Extreme Quantile Regression Neural Networks for insurance pricing — covariate-dependent GPD tail modelling

Project description

insurance-eqrn

Extreme Quantile Regression Neural Networks for insurance pricing.

The problem

Your EVT model gives you the 1-in-200 claim for the portfolio. EQRN gives you the 1-in-200 claim for the Kensington flat vs the Somerset farmhouse. That difference is your reinsurance margin.

The standard approach to extreme severity modelling — fit a GPD to all claims above a threshold, read off the 99.5th percentile — pools everything together. It gives you one shape parameter and one scale parameter for the whole book. If your TPBI claims have a heavier tail for younger injured parties and lighter for older ones, the pooled model averages those tails away. Your per-segment VaR is wrong and your XL pricing is wrong.

The solution is covariate-dependent GPD parameters: xi(x) and sigma(x) as functions of risk characteristics, not pooled scalars. This is what EQRN does.

EQRN (Pasche & Engelke 2024, Annals of Applied Statistics) is the first method to estimate covariate-dependent GPD parameters using a neural network. This library is the first Python implementation.

What this library provides

  • EQRNModel — two-step fitting: LightGBM intermediate quantile + GPD neural network
  • EQRNDiagnostics — QQ plot, threshold stability, calibration, xi scatter
  • Out-of-fold intermediate quantile estimation (prevents leakage into GPD step)
  • Orthogonal GPD reparameterisation for stable gradient training
  • predict_quantile — conditional VaR at any extreme level (0.99, 0.995, ...)
  • predict_tvar — conditional TVaR / expected shortfall
  • predict_exceedance_prob — P(claim > threshold | risk profile)
  • predict_xl_layer — expected loss in per-risk XL layer (attachment, limit)

Install

pip install insurance-eqrn

PyTorch is required. For CPU-only:

pip install torch --index-url https://download.pytorch.org/whl/cpu
pip install insurance-eqrn

Quickstart

import numpy as np
from insurance_eqrn import EQRNModel, EQRNDiagnostics

# X: covariate matrix (e.g. risk characteristics)
# y: claim severity values (above basic threshold)
model = EQRNModel(
    tau_0=0.85,             # intermediate quantile level
    hidden_sizes=(32, 16, 8),
    n_epochs=300,
    shape_fixed=False,      # covariate-dependent xi
    seed=42,
)
model.fit(X_train, y_train, X_val=X_val, y_val=y_val)

# Per-segment 99.5th percentile severity
var_995 = model.predict_quantile(X_test, q=0.995)

# TVaR for reinsurance pricing
tvar_99 = model.predict_tvar(X_test, q=0.99)
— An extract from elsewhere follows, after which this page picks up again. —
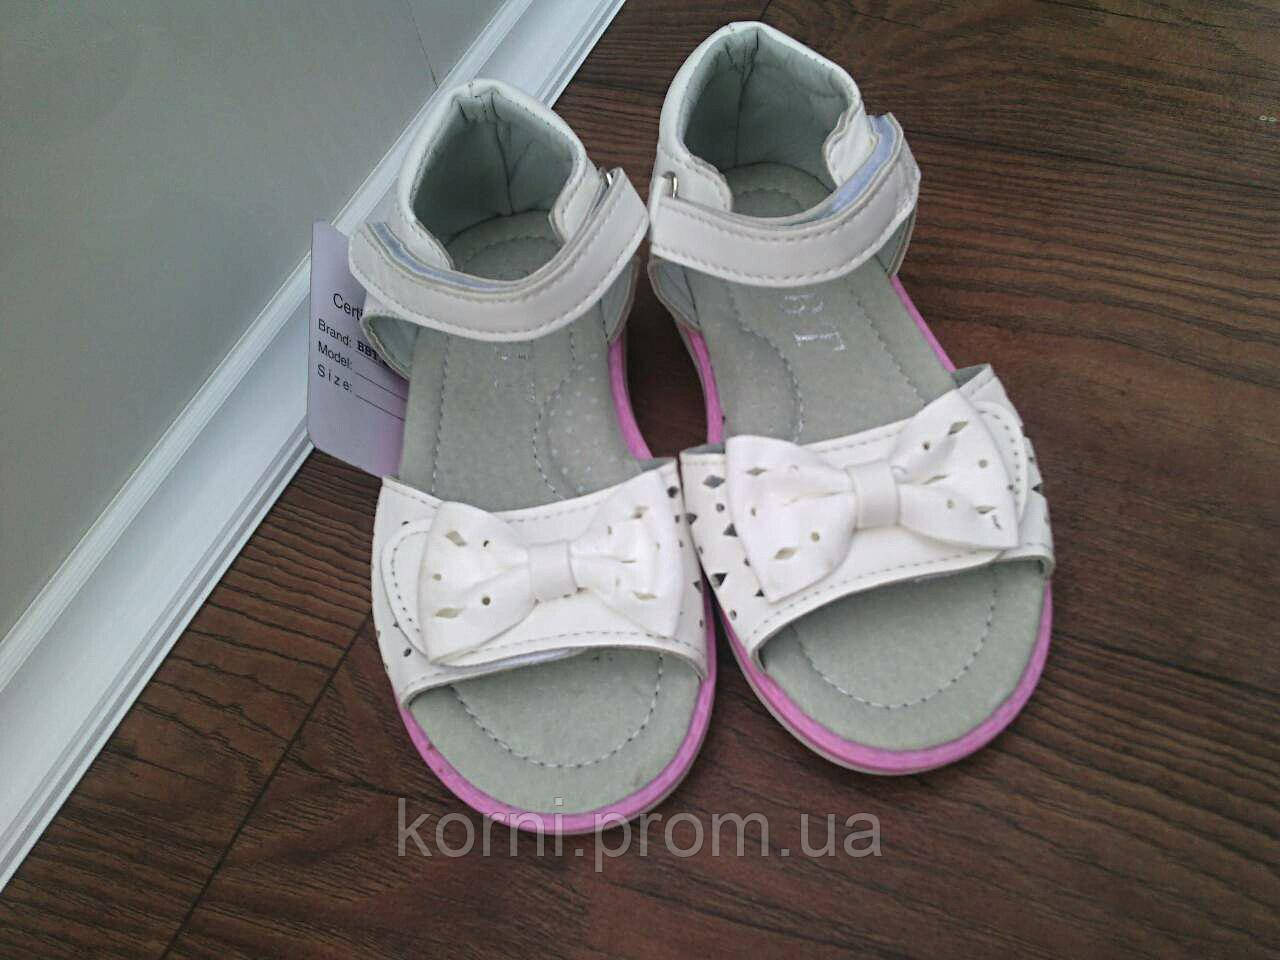 72c78538c Белые босоножки нарядные сандали для девочки размер 27 - Интернет-магазин

# XL layer: £500k xs £500k
xl_loss = model.predict_xl_layer(X_test, attachment=500_000, limit=500_000)

# Fitted GPD parameters per observation
params = model.predict_params(X_test)
# DataFrame with columns: xi, sigma, nu, threshold

The two-step method

Step 1: Intermediate quantile (LightGBM, out-of-fold)

Fits a quantile regression at level tau_0 (default 0.8) using K-fold cross-validation. Out-of-fold predictions are mandatory here. If you use in-sample predictions, the GPD network in Step 2 sees artificially clean thresholds and learns the wrong exceedance set.

Step 2: GPD neural network on exceedances

Identifies observations above their predicted threshold (~20% of training data at tau_0=0.8). Trains a feedforward network mapping (X, Q_hat(tau_0)) → (nu(x), xi(x)) using the orthogonal GPD deviance loss.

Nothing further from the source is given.